OKRs (Objectives & Key Results) vs. KPIs (Key Performance Indicators)
Category | OKRs | KPIs |
Definition | Actionable goals with measurable outcomes | Metrics that track business performance |
Basis | Company missions & aspirations | Past results & current projects |
Criteria | Bold, aggressive goals | Steady benchmarks |
Purpose | Motivation & alignment | Evaluation & tracking |
Duration | Quarterly or yearly | Variable (weekly, monthly, etc.) |
Variation | Updated each cycle | Often consistent across cycles |
🎯 OKRs: What Success Looks Like
We mapped out our OKRs like this.
Objective: Center HSN autistic youth in wellbeing and policy discourse.
- KR1: Receive ~100 creative submissions using any mode of communication or creative expression.
- KR2: Co-author research and policy documents
- KR3: Establish an international network of 100+ individuals committed to inclusive advocacy
These OKRs are not just milestones—they’re mission checkpoints. They ensure we’re staying accountable to our community, not just our calendar.
🧠 KPIs: Measuring Impact Without Losing People
We also reflected on how our KPIs blend quantitative and qualitative indicators
- Quantitative: Number of submissions, participants, countries represented, website engagement
- Qualitative: Participant feedback (via visual surveys, testimonials, videos), policy influence, and narratives of change
As discussed in training, KPIs aren’t just for funders—they’re mirrors for internal growth.
🧠 From Notes to Practice: Why This Matters
Studying today’s frameworks in the context of our project made one thing clear: HSN autistic individuals are missing from the definition of success.

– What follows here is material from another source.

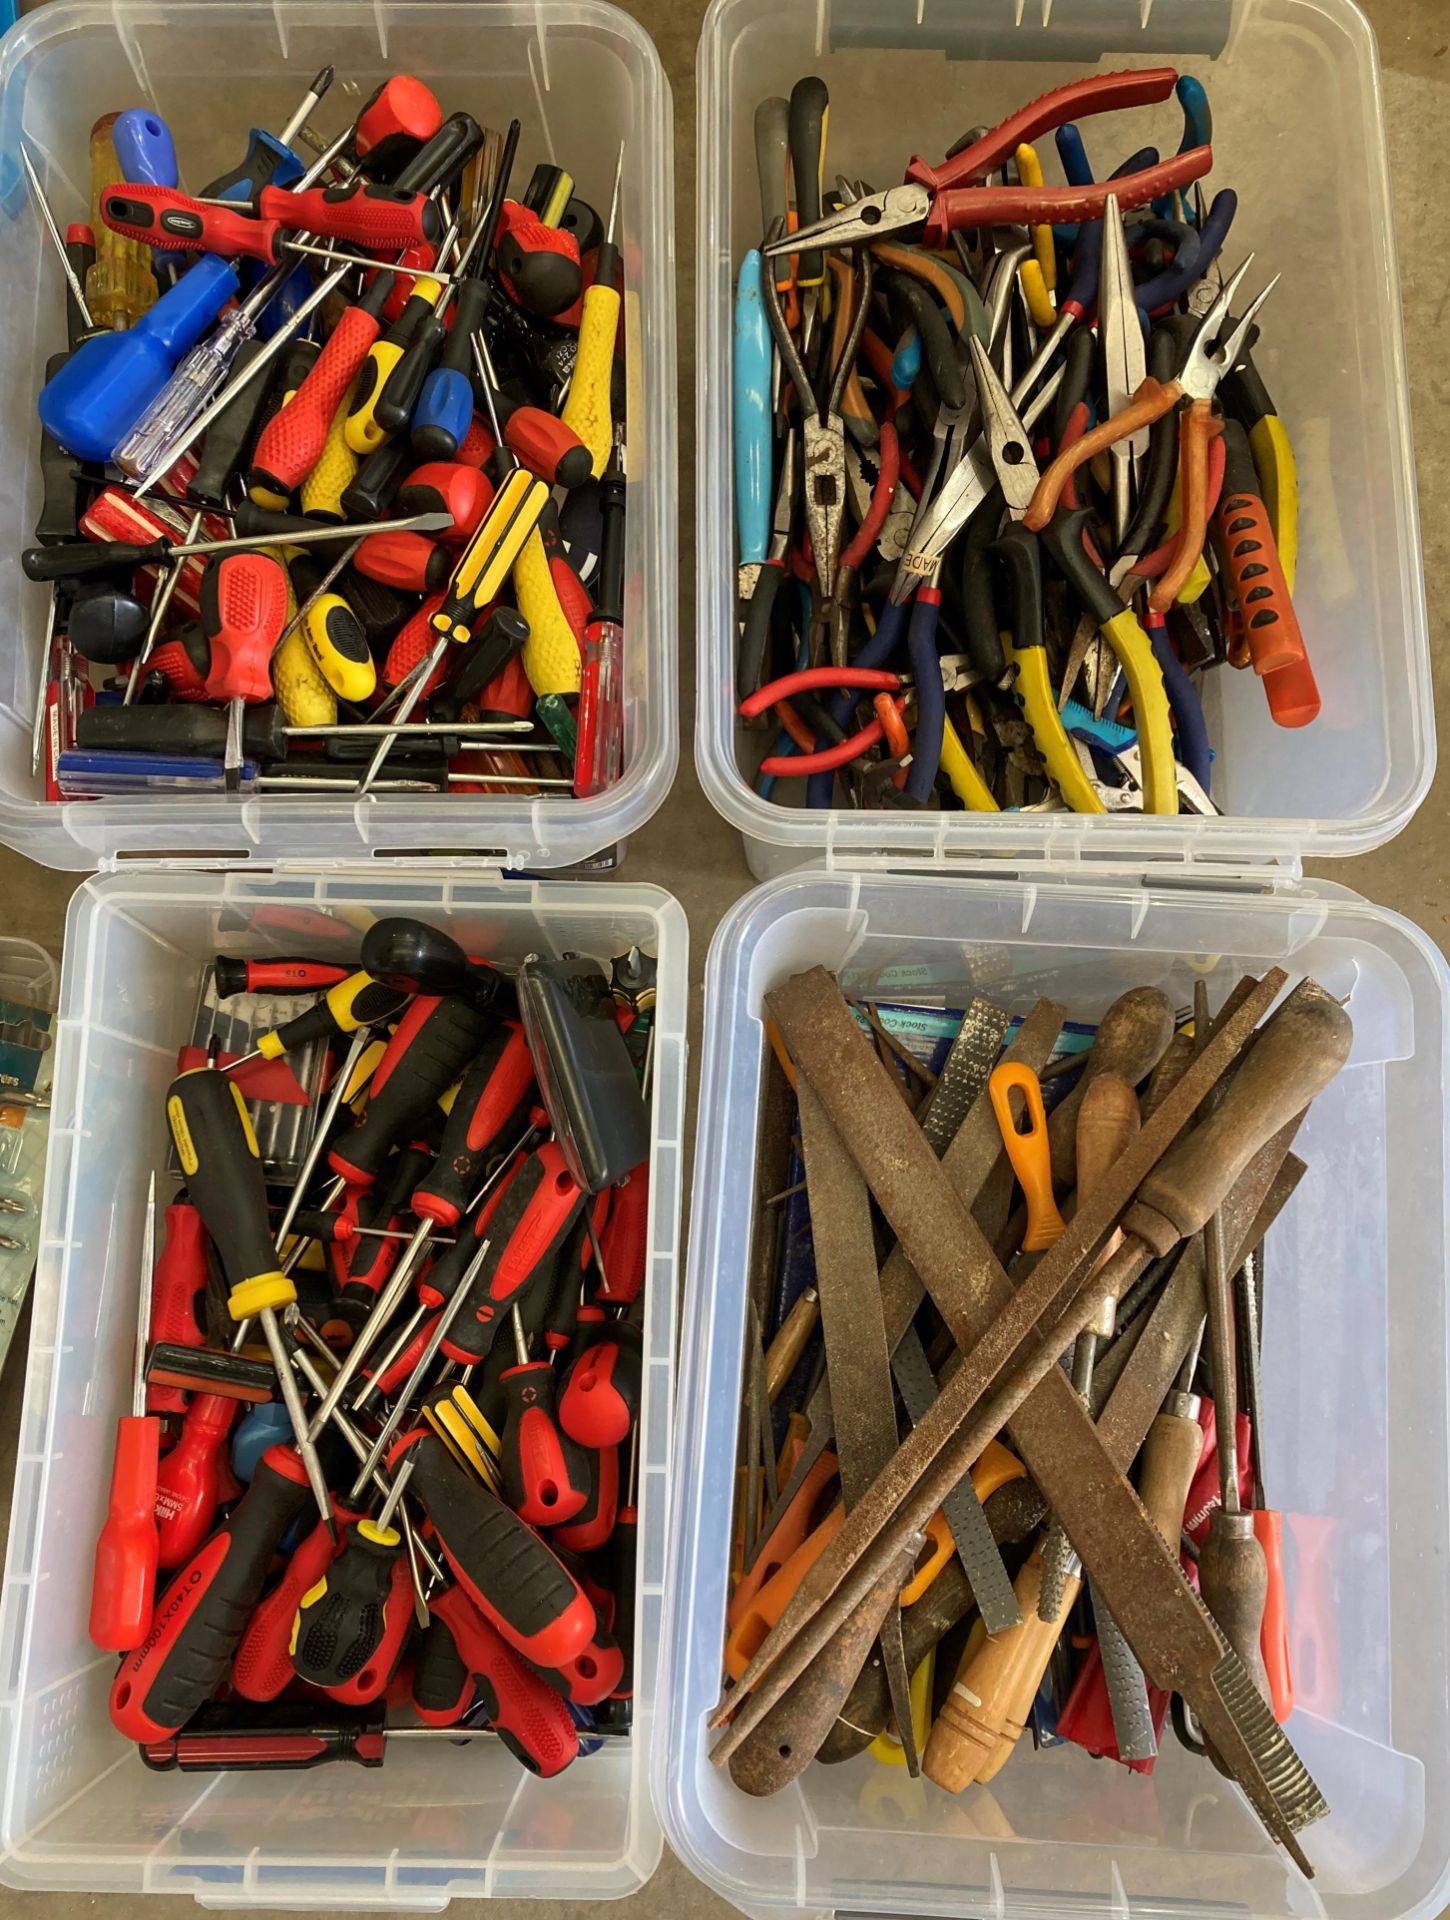 Contents to four boxes - a large quantity of assorted screwdrivers, pliers, flies etc.
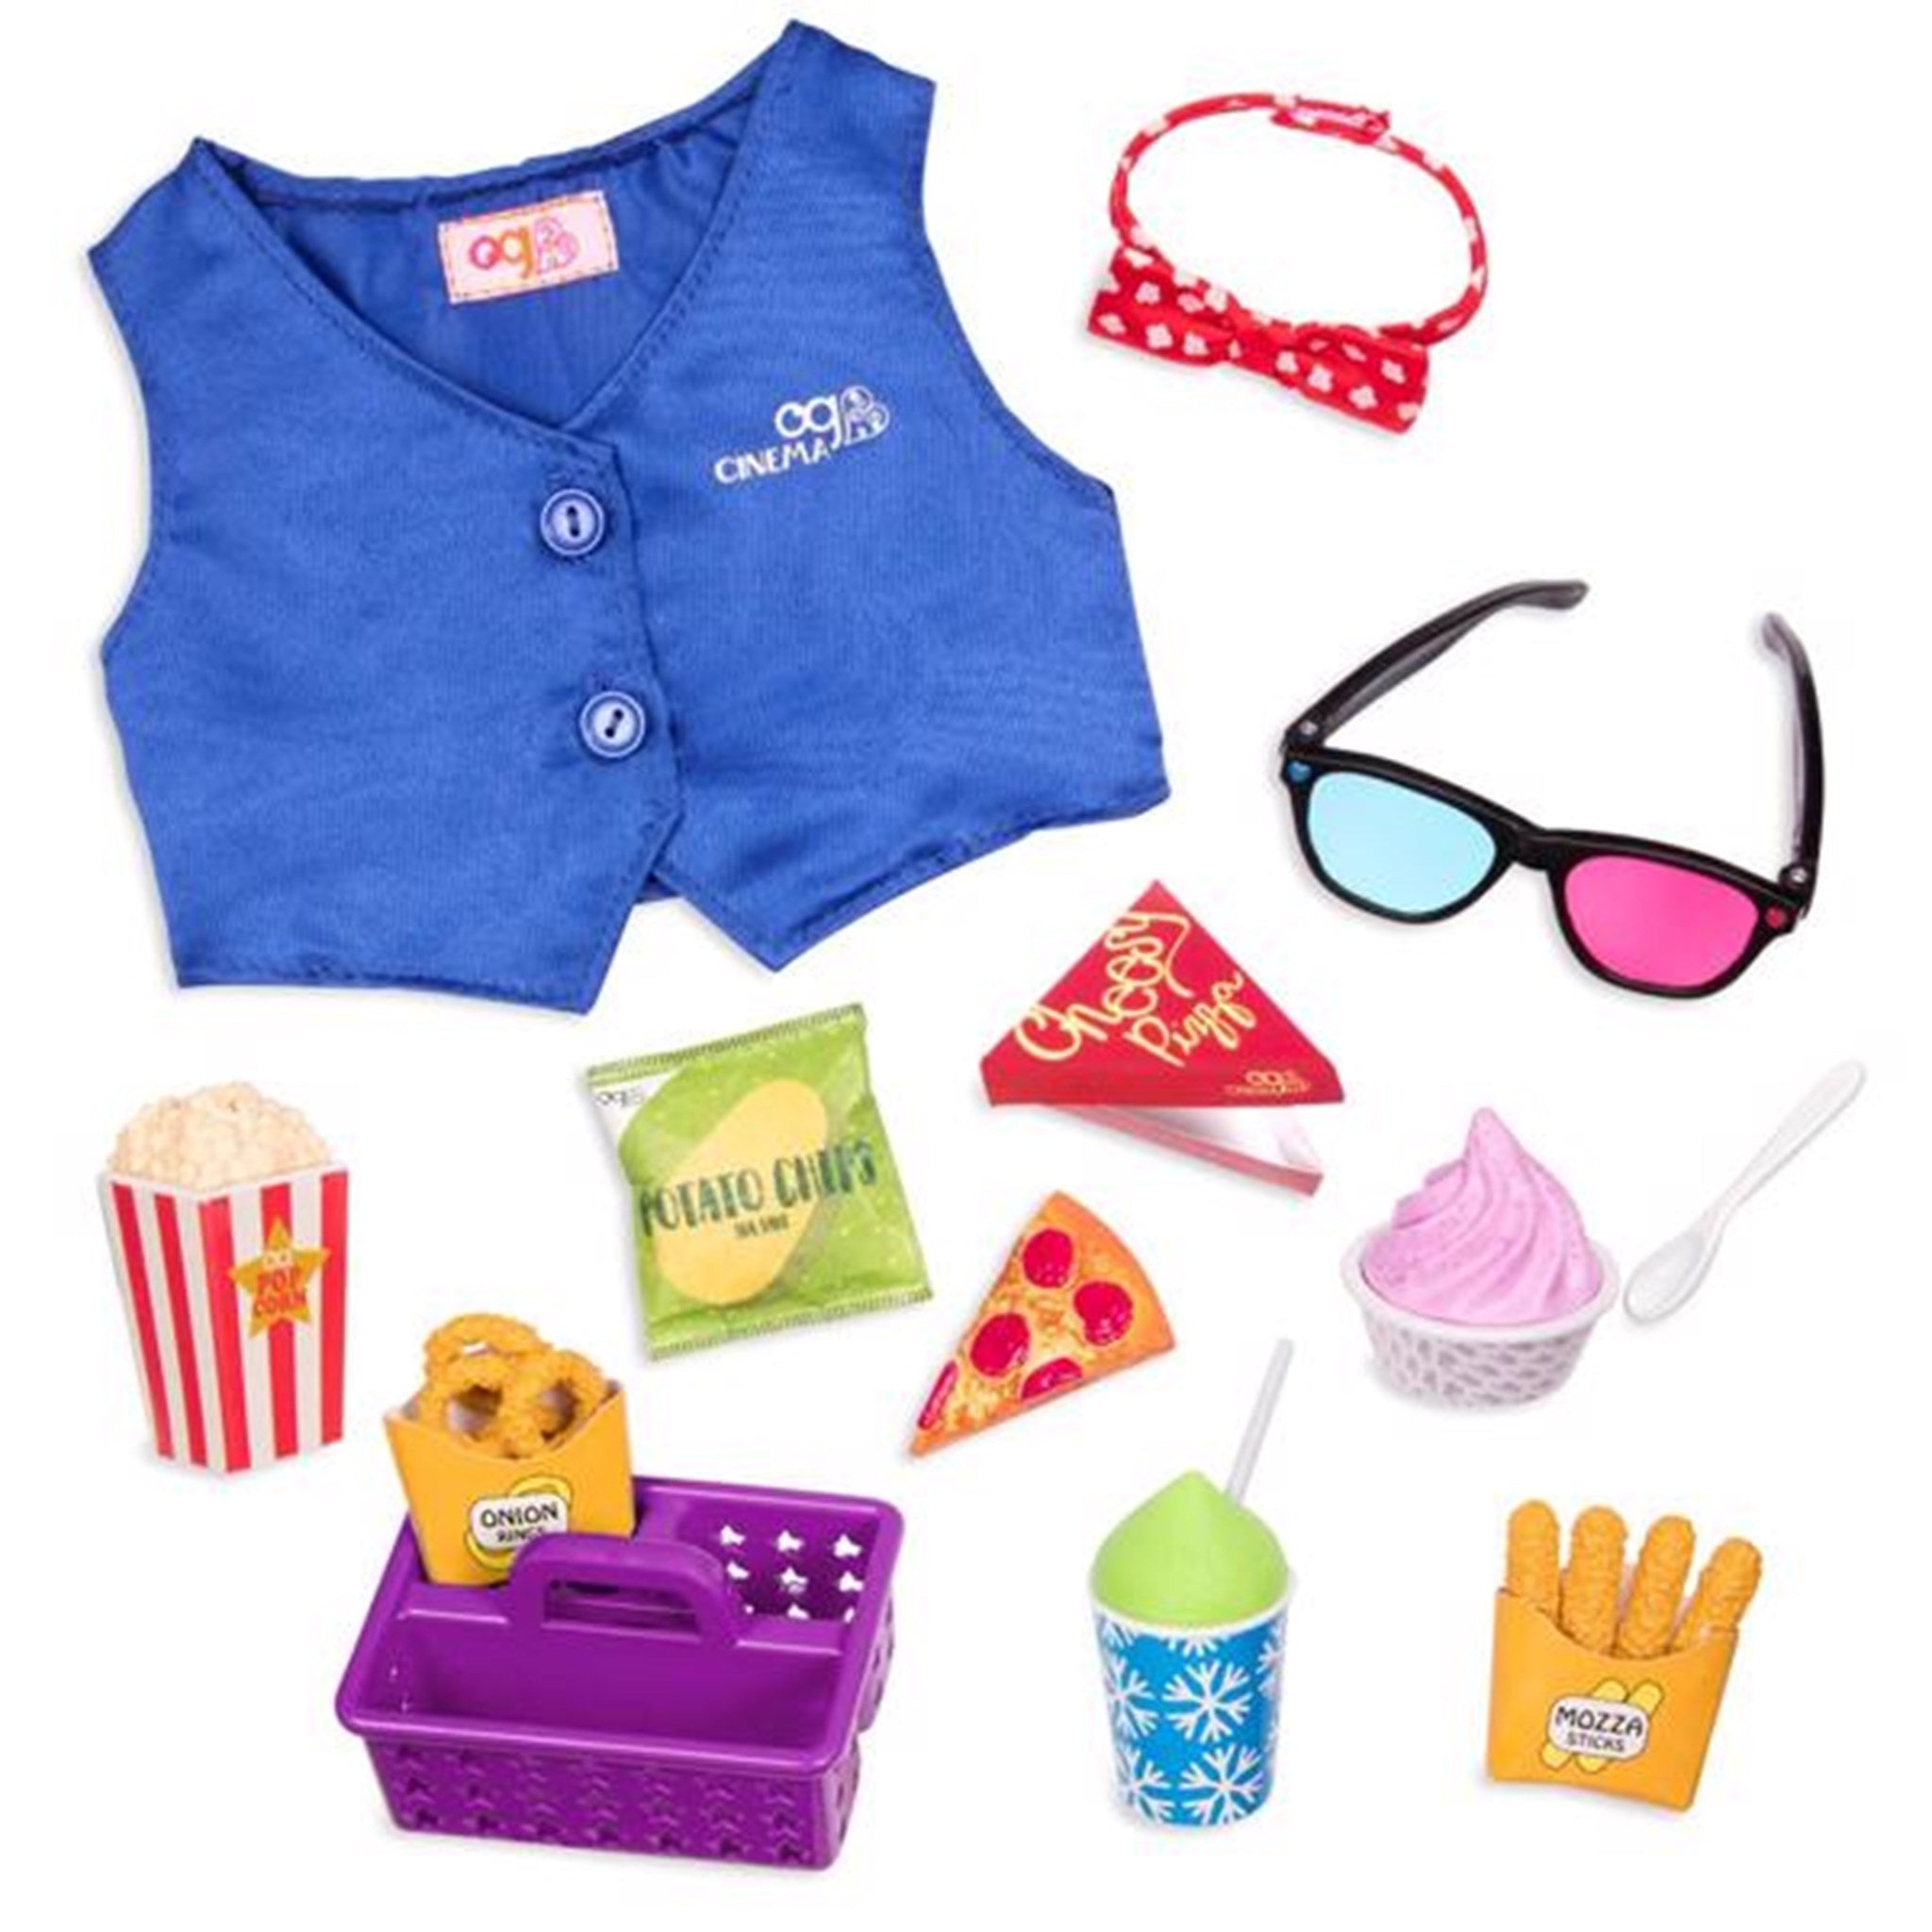 Our Generation Doll Accessories - Cinema Snacks

The structures we learned today help us push back on that. Not by overhauling the system, but by remapping it to include everyone—especially those often written out.
Using creative expression as data.
Treating stimming videos as valid submissions.
Centering autistic youth as policy co-authors.
That’s our strategy. That’s our KPI for success.
🧠 Final Reflection
The UNESCO training emphasized that big visions need bold structure. And we’re here for it.